First-level classification: Broadly distinguishes between classical and non-classical music.
Second-level classification: specific genres within the first level, such as classifying a piece as a symphony within the classical genre or as pop within the non-classical genre.
Third-level classification: Provides finer subcategories such as Teen_pop or pop_vocal_ballads in pop Categories.

In developing these classifications, we hope this project can lead into helping to identify trends within genres, which would provide valuable insights for artists, labels, and consumers.

Data Collection

Our team utilized the pre-existing dataset consisting of spectrogram images. Our dataset can be found here: https://huggingface.co/datasets/ccmusic-database/music_genre. We refined this dataset with a feature selection algorithm.

The original dataset consists of 1,700 spectrogram images from songs lasting between 270 and 300 seconds.
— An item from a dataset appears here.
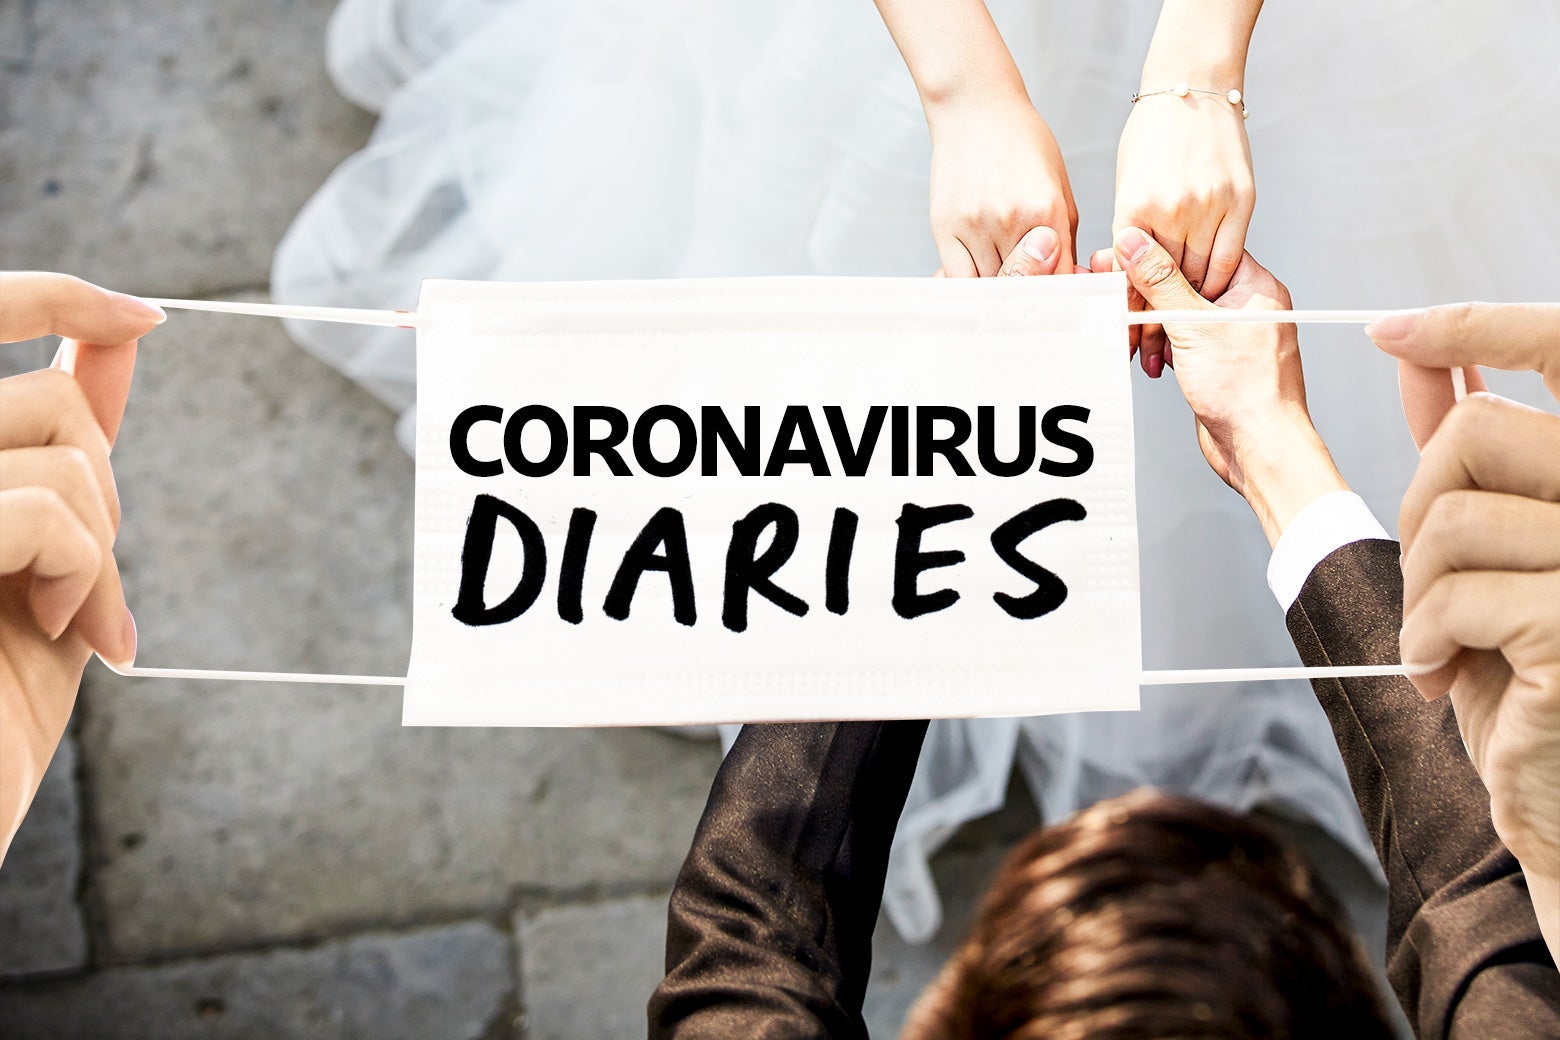 A view from above of two newlyweds holding hands, with a mask with the words "Coronavirus Diaries" draped over the setting

These images, sized at 349x476 pixels, are in JPEG format and represent the spectrograms of music files. Created using Fast Fourier Transform (FFT), these spectrograms map the sound frequencies and intensities over time.

In each spectrogram:

The X-axis indicates time.
The Y-axis shows frequency.
The brightness of each pixel reflects the intensity of sound waves at specific frequencies and times.

Human voices and musical instruments produce unique waveforms. In a spectrogram, these waveforms are decomposed into various frequency sound waves, forming distinct patterns along the Y-axis. The presence and duration of each instrument or voice in the music are captured along the X-axis.

The dataset is categorized into three hierarchical levels:

First-level classification: Broadly distinguishes between classical and non-classical music.
Second-level classification: specific genres within the first level, such as classifying a piece as a symphony within the classical genre or as pop within the non-classical genre.
Third-level classification: Provides finer subcategories such as Teen_pop or pop_vocal_ballads in pop Categories.

First we transformed the image file into gray scale since color does not have any information but intensity does. After that we transformed to Gray scale co-occurance matrix(GLCM)[5] from the image to select contrast, dissimilarity, homogeneity, energy and correlation features.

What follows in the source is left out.